Rotner a formé en temps utile contre ce jugement, dont il demande l'annulation, un recours de droit public pour
BGE 81 I 219 S. 221
violation de l'art. 59 Cst. Il fait valoir qu'il est domicilié à Zurich et que la réclamation qui lui est adressée est purement personnelle.L'intimité a conclu à l'irrecevabilité du recours et subsidiairement à son rejet.
Considérant en droit:
1. Le recours pour violation de la garantie du juge du domicile (art. 59 Cst.) n'exige pas l'épuisement préalable des moyens de droit cantonal (art. 86 al. 2 OJ). Rotner n'a, d'autre part, pas renoncé par son attitude dans la procédure à se prévaloir de ce droit constitutionnel. Son recours est partant recevable.
2. L'intimé a ouvert contre le recourant, devant le Juge de paix de Vevey, une action tendant à la fois au paiement de sa créance et à la reconnaissance du droit de rétention sur les deux pneus en sa possession qui la garantit. Contrairement à l'opinion du recourant une telle action n'est pas une réclamation personnelle au sens de l'art. 59 al. 1 Cst. D'après la jurisprudence constante du Tribunal fédéral (RO 17 p. 376 et les arrêts cités, 23 p. 38), une réclamation garantie par un droit réel peut être valablement portée devant le juge du lieu de situation de l'objet du gage lorsque le débiteur, comme c'est le cas en l'espèce, conteste non seulement l'existence du droit de gage ou de rétention, mais encore le montant de la créance garantie. Il ne pourrait en être autrement que si le demandeur en faisant valoir un droit de gage cherchait manifestement à éluder l'application de l'art. 59 al. 1 Cst. Mais le recourant n'allègue pas que tel serait le cas. Le dossier de la cause n'autorise notamment pas à croire que les pneus usagés sur lesquels le droit de rétention est exercé soient des choses sans valeur, ce qui pourrait être un indice du dessein du demandeur de tourner la disposition constitutionnelle. Il ressort au contraire de la correspondance échangée entre les parties que le recourant attribue de la valeur aux deux pneus, puisqu'il en réclame avec insistance la restitution.

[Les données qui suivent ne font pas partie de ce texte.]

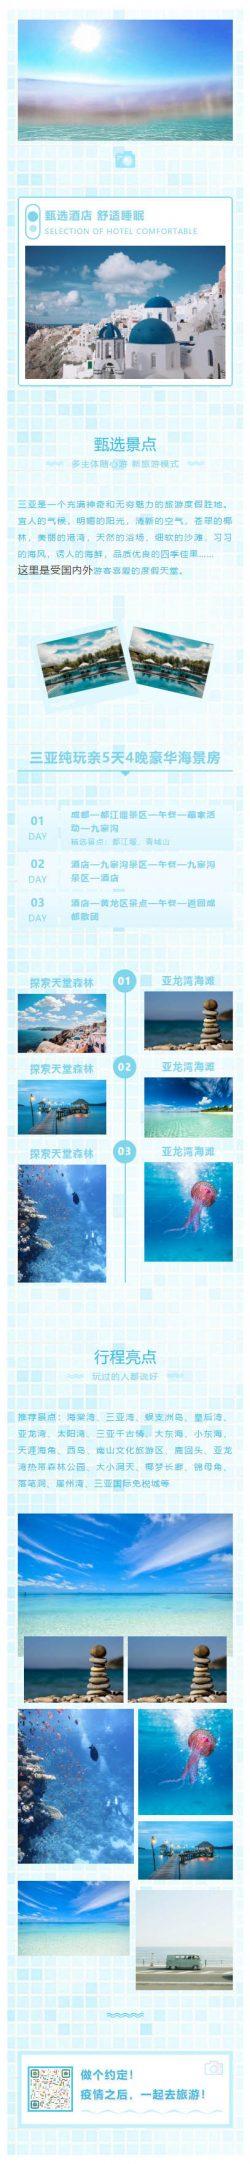 夏天旅游旅行海边网格背景蓝色公众号推文模板微信模板

Bien que la valeur des objets soumis au droit de rétention soit certainement inférieure au montant de la créance garantie, on doit admettre que le Juge de paix de Vevey pouvait statuer valablement à la fois sur l'existence du gage et sur l'étendue de la créance. Dans l'arrêt RO 23 p. 38 consid. 6, le Tribunal fédéral a, il est vrai, laissé indécise la question de savoir si le juge du lieu où se trouve le gage a le droit de se prononcer, sans limitation, sur le montant de la créance alors que celle-ci n'est pas couverte par le gage mais en dépasse la valeur. Cette réserve n'est toutefois pas justifiée, l'insuffisance du gage ne portant pas atteinte au caractère non personnel de l'action dans les cas où le droit de gage n'est pas revendiqué en vue d'éluder manifestement l'art. 59 al. 1 Cst. Il serait d'ailleurs dans la plupart des cas impossible de fixer la limite jusqu'à laquelle le juge du lieu de situation de la chose pourrait statuer sur la créance, car la valeur exacte du gage n'est en général révélée qu'au moment de sa réalisation, laquelle suppose un jugement passé en force sur le fond.
Par ces motifs, le Tribunal fédéral prononce:
Le recours est rejeté.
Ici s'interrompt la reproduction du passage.